If your legal team uses AI to draft contracts or other legal documents, this risk may already exist within your workflow.
The February 2026 decision in United States v. Heppner raised an important question about how AI is used in legal practice. Materials created and transmitted through public AI platforms may not be protected by attorney-client privilege or the work-product doctrine. This shows that entering information into a public platform can weaken any reasonable expectation of confidentiality.
This ruling matters because it shifts the debate away from whether companies use AI in legal work and toward how, where, and under what controls they use it. Those factors can determine whether legal protections apply. The question now is whether your legal AI workflow reflects the lessons of this decision.
Generative AI has accelerated legal drafting, legal research summarization, document review, and other workflows commonly associated with legal document automation. According to Thomson Reuters, use of generative AI in legal work rose from 14% to 26% year over year in 2025. Market research firms have also projected strong compound annual growth rates for the global legal AI software market.
Even so, key practical problems remain. First, even when AI successfully generates text, substantial manual rework is often required before it becomes a production-ready legal document. Complex clause numbering systems, embedded tables, exhibit forms, and jurisdiction specific filing formats create barriers that AI outputs do not automatically overcome.
A second issue, highlighted by the Heppner decision, is that where and how a document was created or stored can directly affect legal defensibility.
In law, almost correct can be as harmful as plainly wrong. The AI Hallucination Tracker recorded more than 1,500 cases by May 2026 in which AI hallucinations produced false cases, spurious citations, or non existent statutory text. A single outdated provision or a missing jurisdictional notice can trigger delays, disputes, or sanctions.

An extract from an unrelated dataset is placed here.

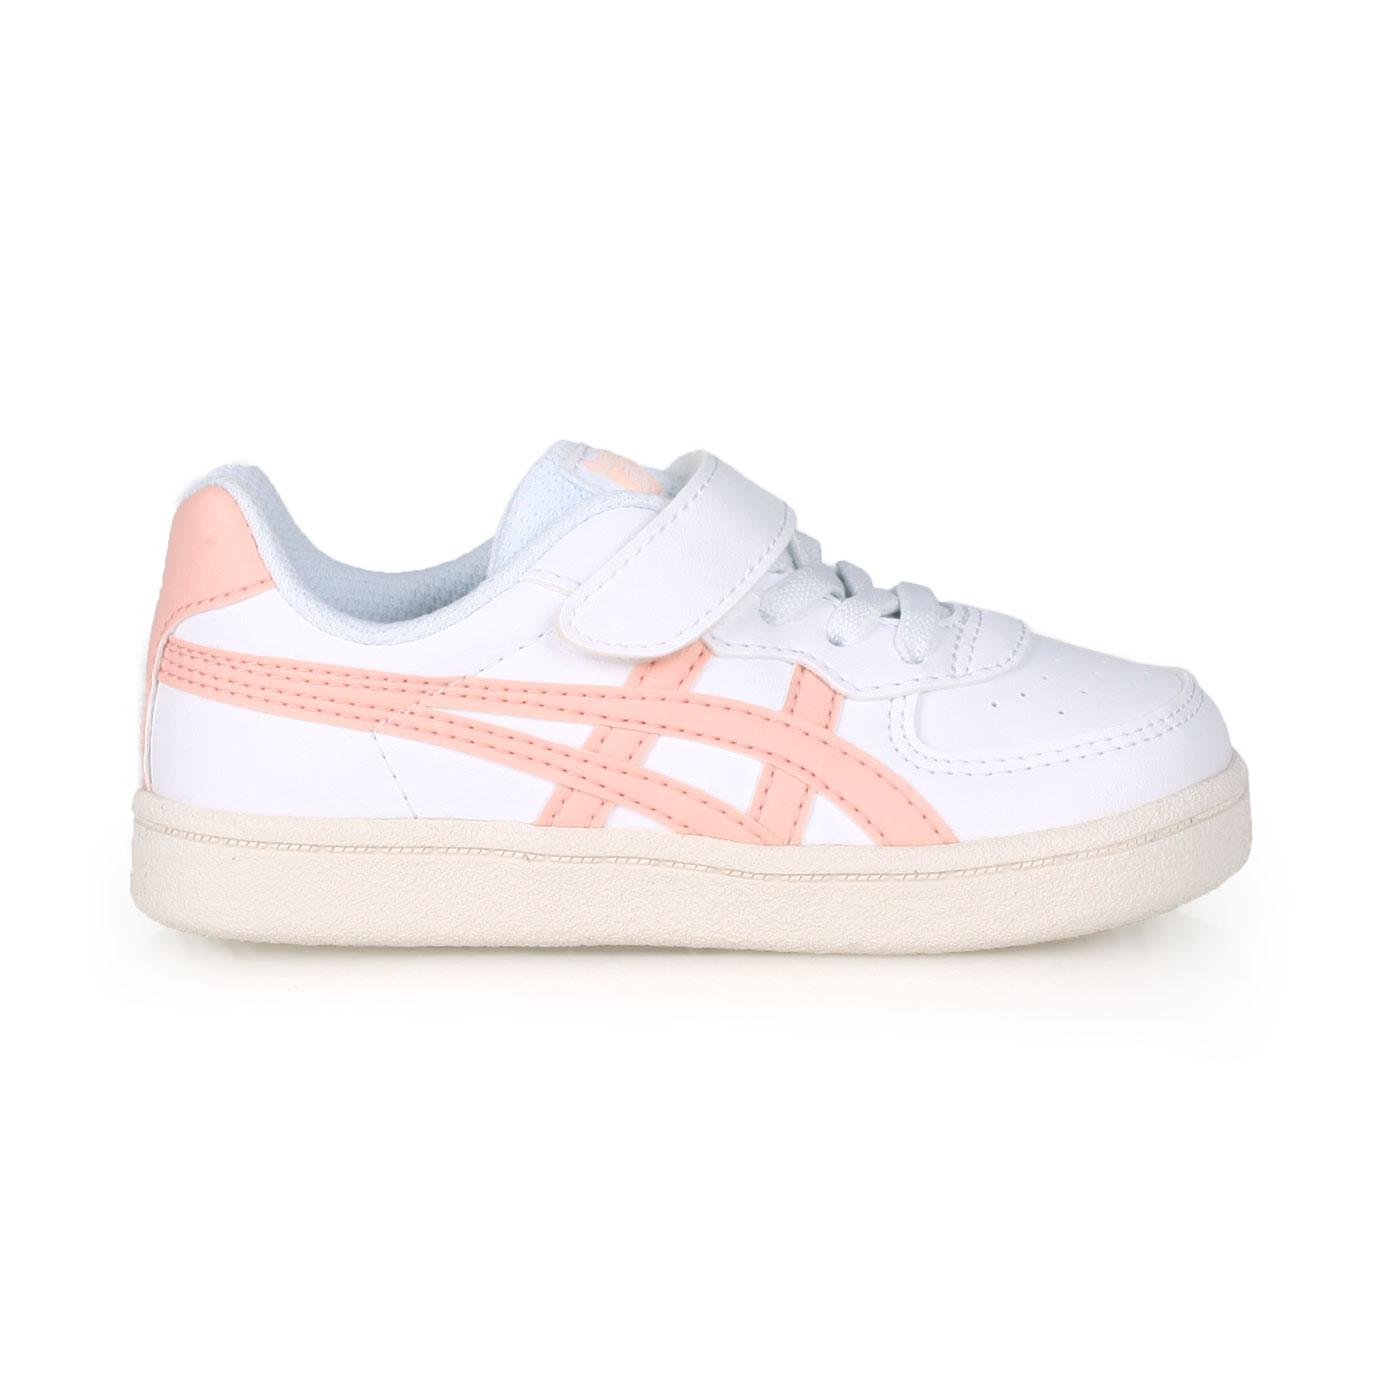 ASICS 小童休閒運動鞋  @GSM TS@1184A023-100 - 白粉橘

Even when the substance is accurate, broken formatting creates procedural risk. Court filings require jurisdiction specific margins, fonts, and page settings. If numbering schemes or table structures collapse, internal cross references may break.
Therefore, hallucination and format failure share the same requirement. AI output must be delivered as an immediately editable legal document. Before worrying about where the document is stored, this basic requirement must be solved.
Cross-border data regulation adds complexity to legal AI adoption, and for global enterprises or law firms handling international matters, data sovereignty is becoming an important compliance consideration. The GDPR can apply to the processing of EU residents’ personal data even when data is stored outside the EU, and the EU AI Act introduces additional compliance obligations for certain high-risk AI systems.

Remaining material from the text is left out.